Many technologists, myself included, believe building a control plane for an agentic system is the critical step. The goal — ensuring agents follow their designed frameworks and deliver coherent outputs — is deceptively complex. Like an orchestra conductor who understands the full composition, its constituent parts and how they cohere, the control plane serves as interpreter, operator and gatekeeper. A user’s query of “Identify cost saving opportunities within our contracts” triggers this layer’s reasoning about how the work is done (e.g., “What contracts are up for renewal?” or “Do we overlap services across vendors?”) and which agents to engage for results.
The need for this control layer is only increasing. As the pace of AI model innovation continues, the gap between what agents can do and what organizations trust them to do is widening, not narrowing.

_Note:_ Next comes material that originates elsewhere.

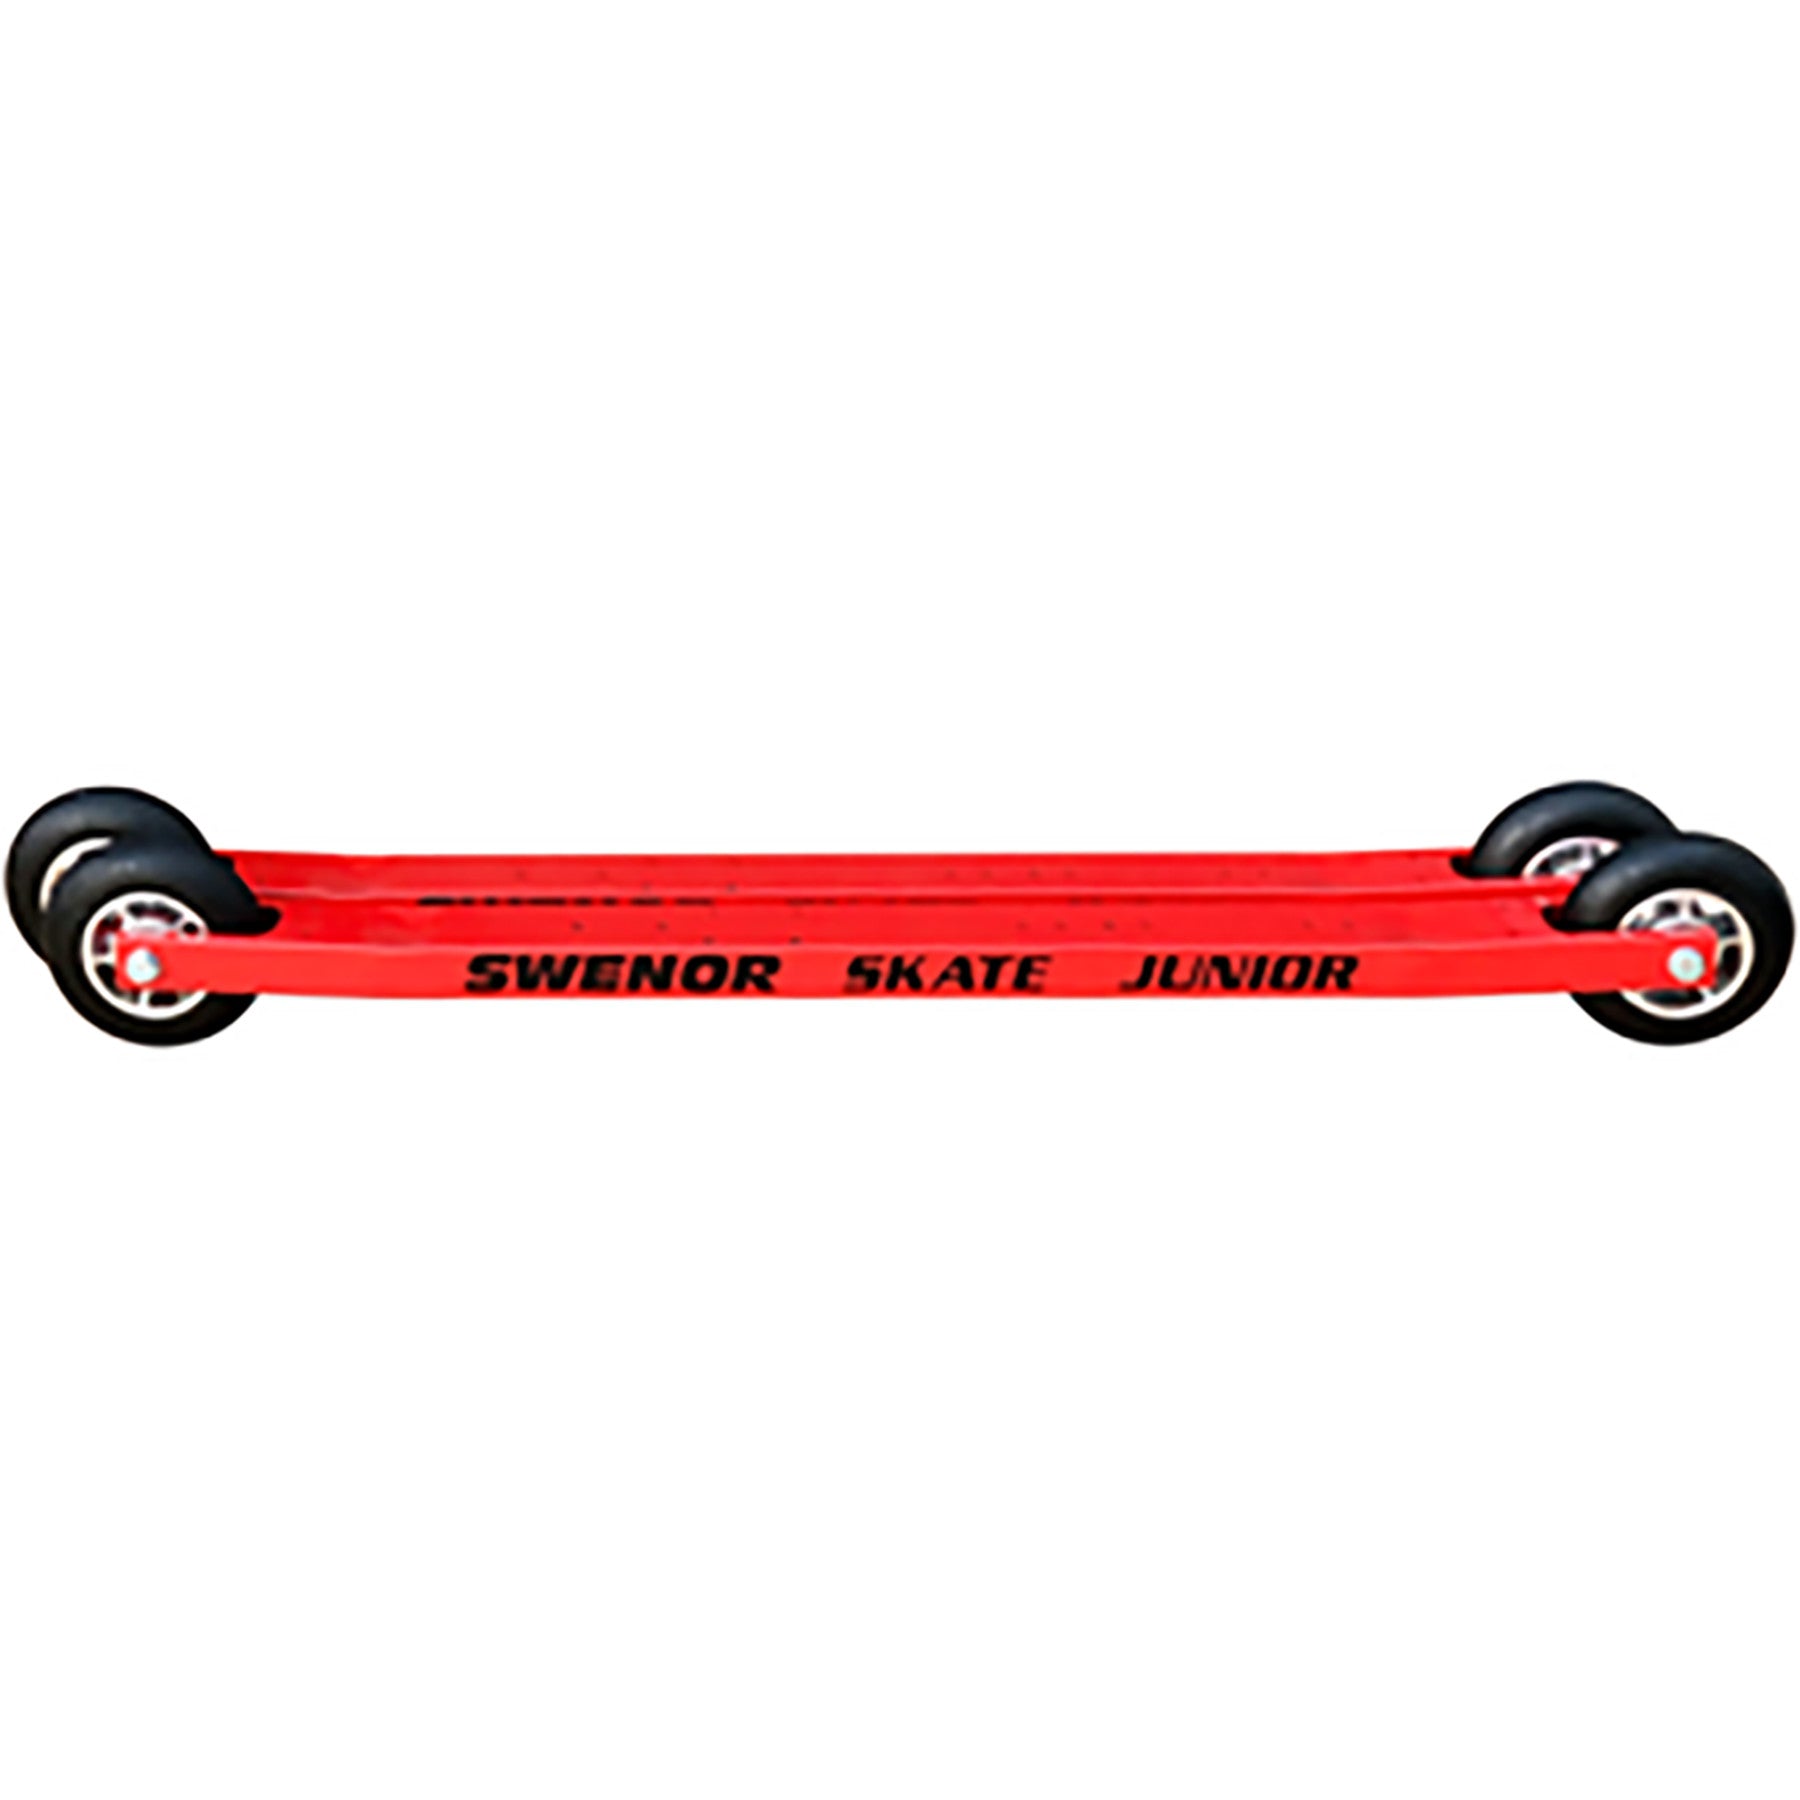 Swenor Rollerski Skate Junior 65-300
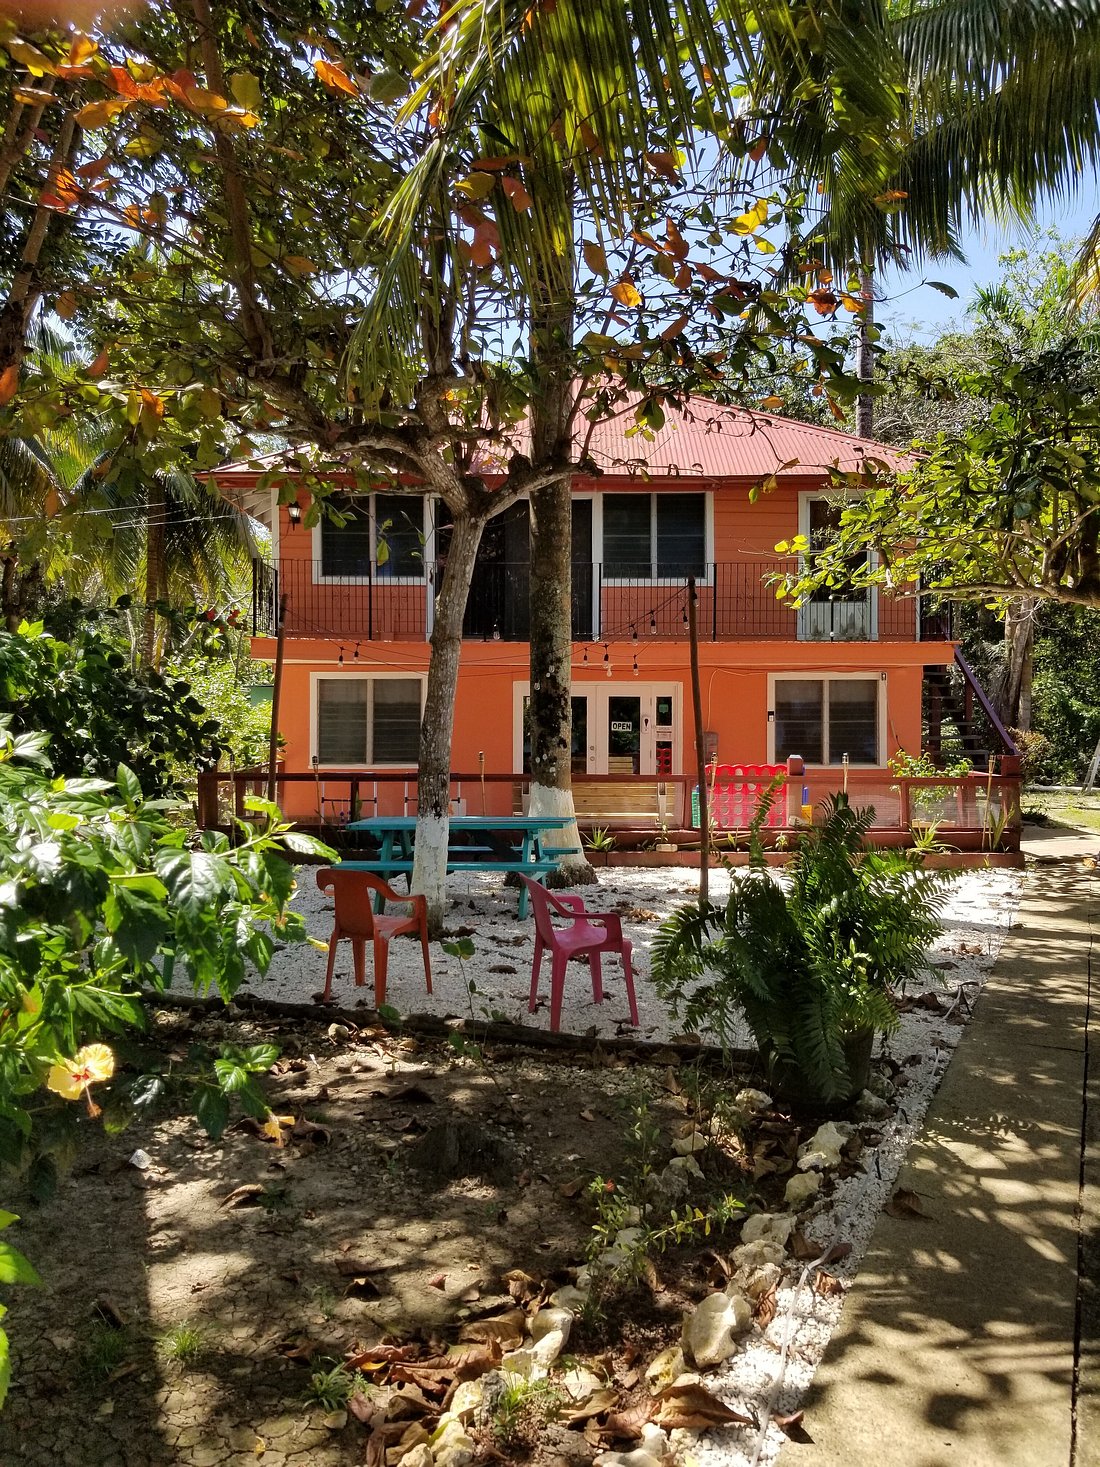 HOME SWEET HOME RESORT $99 ($̶1̶4̶9̶) - Prices & Reviews - West End, Jamaica

Valuing the Score the Conductor Must Read
The organizations that capture the agentic web’s value won’t simply be the ones with the most agents deployed; that’s increasingly trivial to achieve. They’ll be the ones that pair domain-specific reasoning with a control layer designed to orchestrate it.
These two investments have to coexist. Domain expertise encoded without orchestration produces agents that understand their task but collide with each other. A control plane without domain depth produces coordinated agents that confidently execute the wrong work. And neither delivers if organizations treat orchestration as a governance layer bolted on after deployment rather than the architectural foundation.
The models will keep improving. The agent frameworks will proliferate. The question isn’t whether agents will run — it's whether anyone is conducting them when they do.